Tim Otten tim@cap.american.edu
Tue, 22 Oct 2002 16:30:09 -0400 (EDT)


As a student in an undergraduate 'Intro to Discrete Structures' course, I
recently did a project which required generating the first n primes. We
discussed the sieve of Eratosthenes in class. Although the professor is
not familiar with Haskell, he allowed me to use it, and I
mistakenly wrote the following code[1]:

-- A list of all prime numbers
primes = [2] ++ [ x | x <- [3..], isPrime x ]

-- x is prime if the set of primes [2 <= p <= sqrt(x)] is empty
isPrime x = 
	( [] == [ y | y <- (take (intsqrt x) primes), x `mod` y == 0 ] )

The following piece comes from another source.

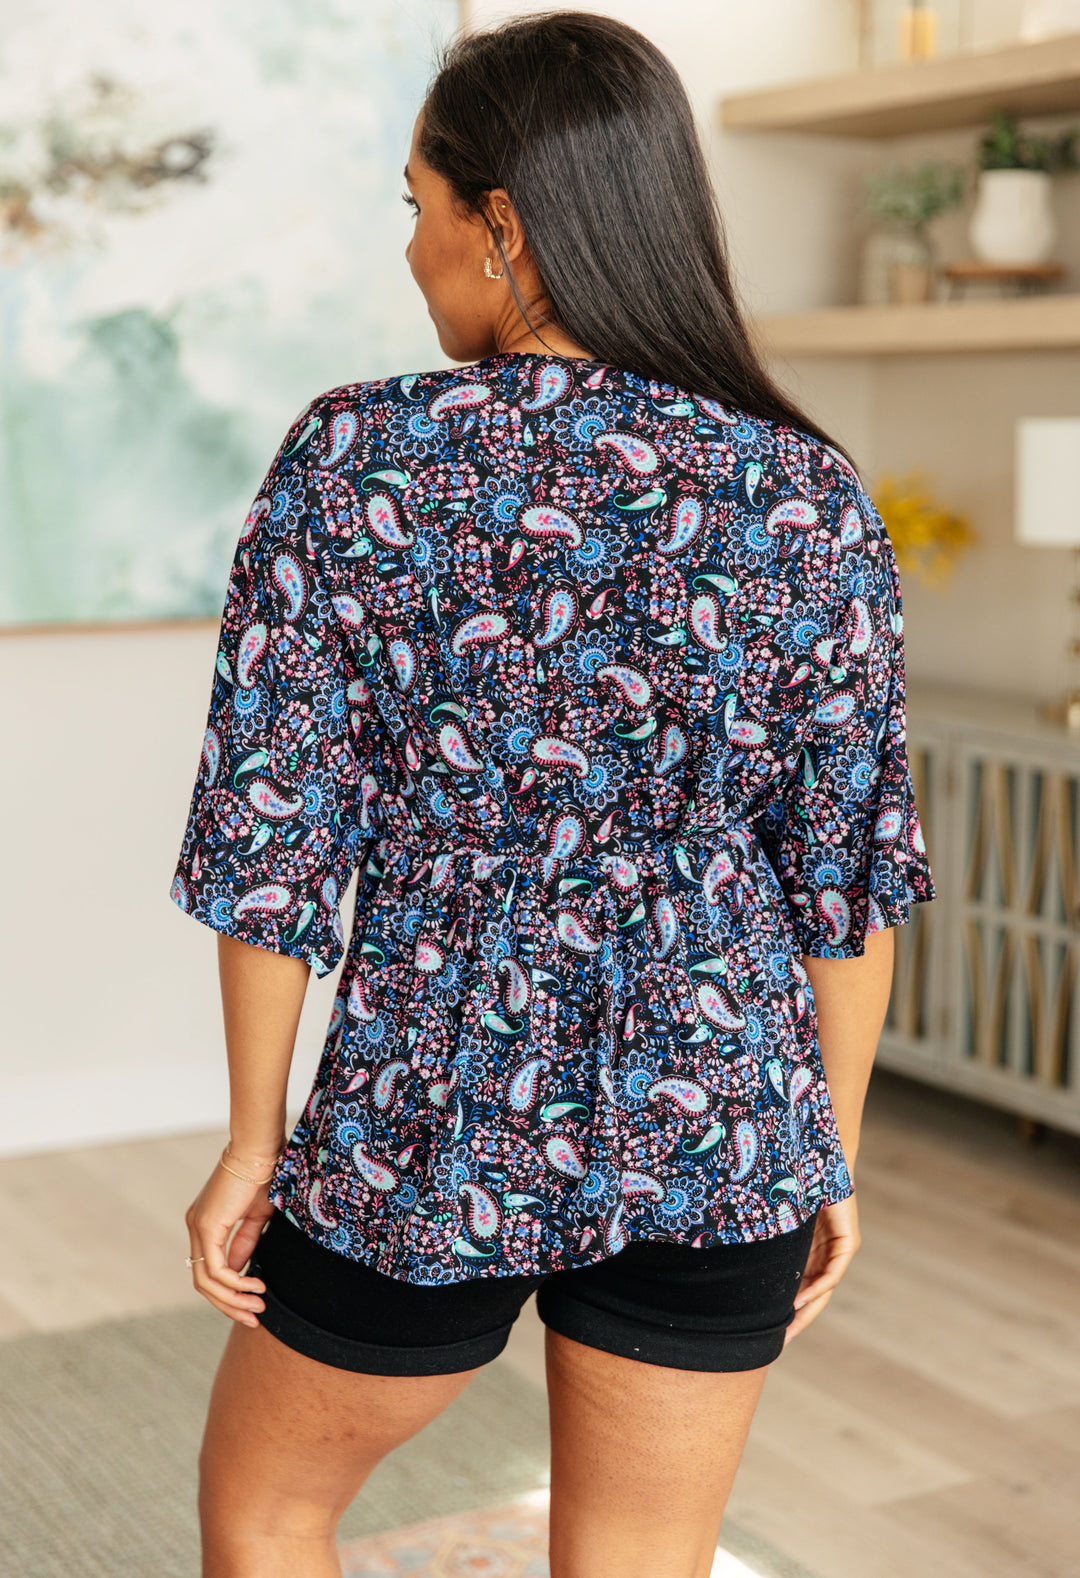 Dreamer Top in Black and Periwinkle Paisley-Long Sleeve Tops-Inspired by Justeen-Women's Clothing Boutique in Chicago, Illinois

This works, and I used it as I developed my project. However, it tests
more primes than necessary. A better version would seem to be:

-- x is prime if the set of prime factors [2 <= p <= sqrt(x)] is empty
isPrime x =
  ( [] == [ y | y <- (takeWhile (\z -> z <= (intsqrt x)) primes),
            x `mod` y == 0 ])

Surprisingly, the second (tight) version grows significantly more costly
than the first (loose) version as we take more primes. Taking 20 primes,
	> take 20 primes
both algorithms require under a second. Taking 200 primes, the tight
algorithm requires twice as much time as the loose one. Taking 2000
primes, the tight algorithm requires about 4.5 times as much time as the
loose one.[2]

Can anyone suggest why the tighter algorithm exhibits significantly worse
performance? Is takeWhile significicantly more expensive than take? Is the
\z lambda expression expensive? The intsqrt isn't recalculated each time
takeWhile evalutes a prime, is it?

Slightly confused,
Tim Otten

[1] Note that intsqrt calculates the floor of the square root of x.
    intsqrt x = intsqrt' 1 x
    intsqrt' n x
        | (n*n > x) = n-1
        | otherwise = intsqrt' (n+1) x

[2] A few comments on the test apparatus:
* Debian GNU/Linux 3.0
* Hugs98 circa Sept 2001
* Tested on a G3 400mhz and a PII 233mhz. The G3 was consistently
  faster, but the relationship (Time(Alg2)/Time(Alg1)) remains
  comparable across chips
* Times were established using the bash shell's 'time' command
* Each test was performed in a new instance of 'runhugs'
* Tests were repeated and staggered (Test alg1 @ n primes; test alg2 @ n
  primes; test alg1 @ n primes; test alg2 @ n primes)

Codes, scripts, etc. available upon request.